Василий чувствовал, что опять подвергается испытанию; разминал ее долго, старательно. Сунул папиросу в рот (едва не перепутав, каким концом), поднял глаза на Бушкина, конечно же, он вовсе не читал. Он наблюдал поверх листка за Васей, и на губах у него змеилась та же самая улыбка. Ехидная, хитрая, понимающая… как еще ее описать, эту улыбку?
— Ну и откуда ты, прелестное дитя? — Бушкин спрашивал негромко, спокойно. Вася почти не испугался, услышав тихий, вкрадчивый вопрос Бушкина. И не удивился: это должно было случиться. А сидел Сергеич верхом на стуле, контролируя дверь и окно, и смыться не было возможности… даже если был бы в этом смысл.
— Из Ростова!
Василий сам понимал, что переигрывает, так наивно распахивая глаза, так по-детски растопыривая руки…
— Нет, ну ты мне не заливай, будто бы ты из Урюпинска!
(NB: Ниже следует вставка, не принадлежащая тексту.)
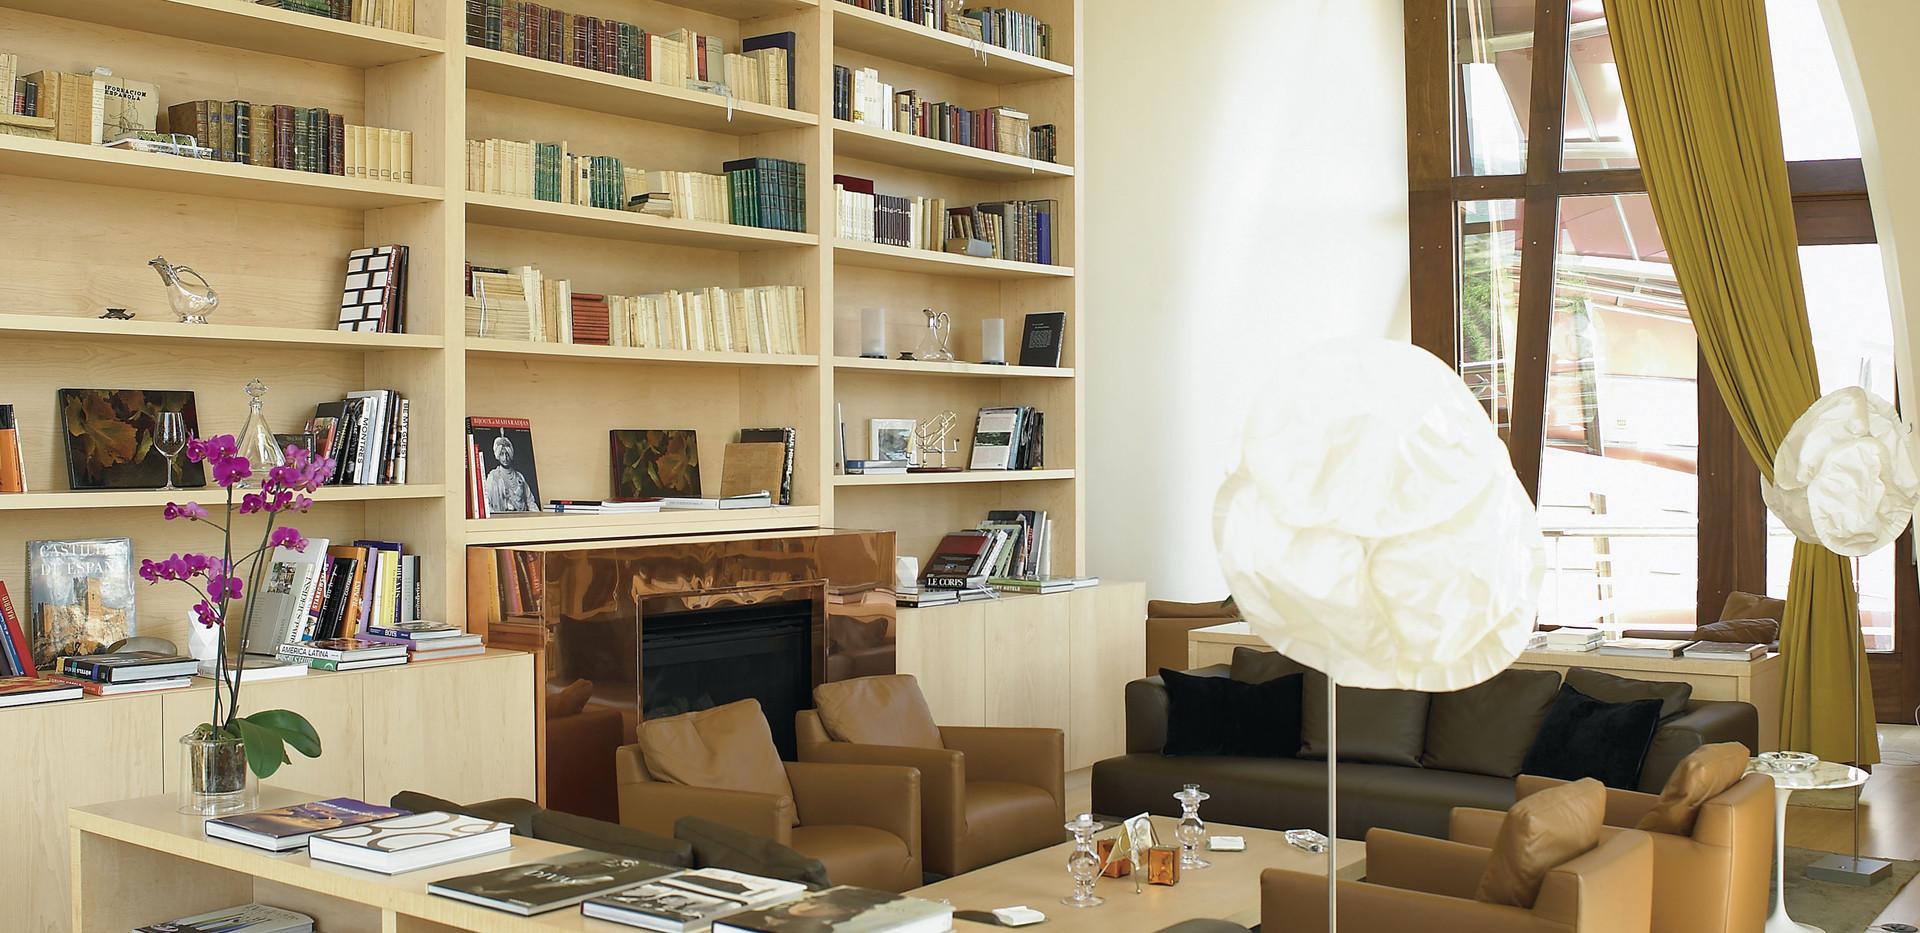 HotelMarquesDeRiscal-FrankGehry-CesarCai

Ты пишешь как человек, привыкший к латинице… я же вижу, какие буквы лучше прописал, какие слабей, неуверенно. А не поляк, не литовец. Я сам поляк, уж я-то знаю! И ты католик, вот ты кто! А опять же не поляк! И не украинский западенец… И не из СССРа! Ты воспитывался за границей, в католической стране! Кто у нас, сидя в машине, будет креститься на собор? А?! И папиросу разминаешь, словно в цирке. Не привык ты к папиросам, сразу видно… Давай, колись! Я ведь никуда не побегу…
С полминуты было очень тихо. Жужжала муха на оконном стекле. Басовито гудел жук в саду. Василий понимал: надо решиться, и поднял голову.
— А если не побежите, зачем вам?
— Да хотя бы понимать, с кем дело имею. Это кольцо искать, уже нервы нужны… — Бушкин оборвал себя, усмехнулся. — Может, мне на тебя полагаться придется, как на каменную гору? Может, ты меня из боя выносить будешь? — Было непонятно, когда Сергеич смеется, когда нет. — Ладно, давай помогу. Кем тебе приходятся Курбатовы? И в какой стране ты всегда жил? Как я понимаю, не в славянской…
— Откуда вы знаете, что я Курбатов? И что не в славянской стране?
— Как я к этому пришел? Объяснить? Или ты сам подумаешь и поймешь?
Странная веселая злость поднималась в сознании Василия. Терять, как будто, было нечего.
— А если я скажу, что из Норвегии? — поинтересовался Вася и картинно закурил папиросу, пристроившись на краешке стола.
— Не пойдет, — мотнул головою Сергеич, — ты смуглый; ты разгильдяй, как мы все, не протестантское поведение. И католик ты, не лютеранин. Италия? Юг Франции? Где жил?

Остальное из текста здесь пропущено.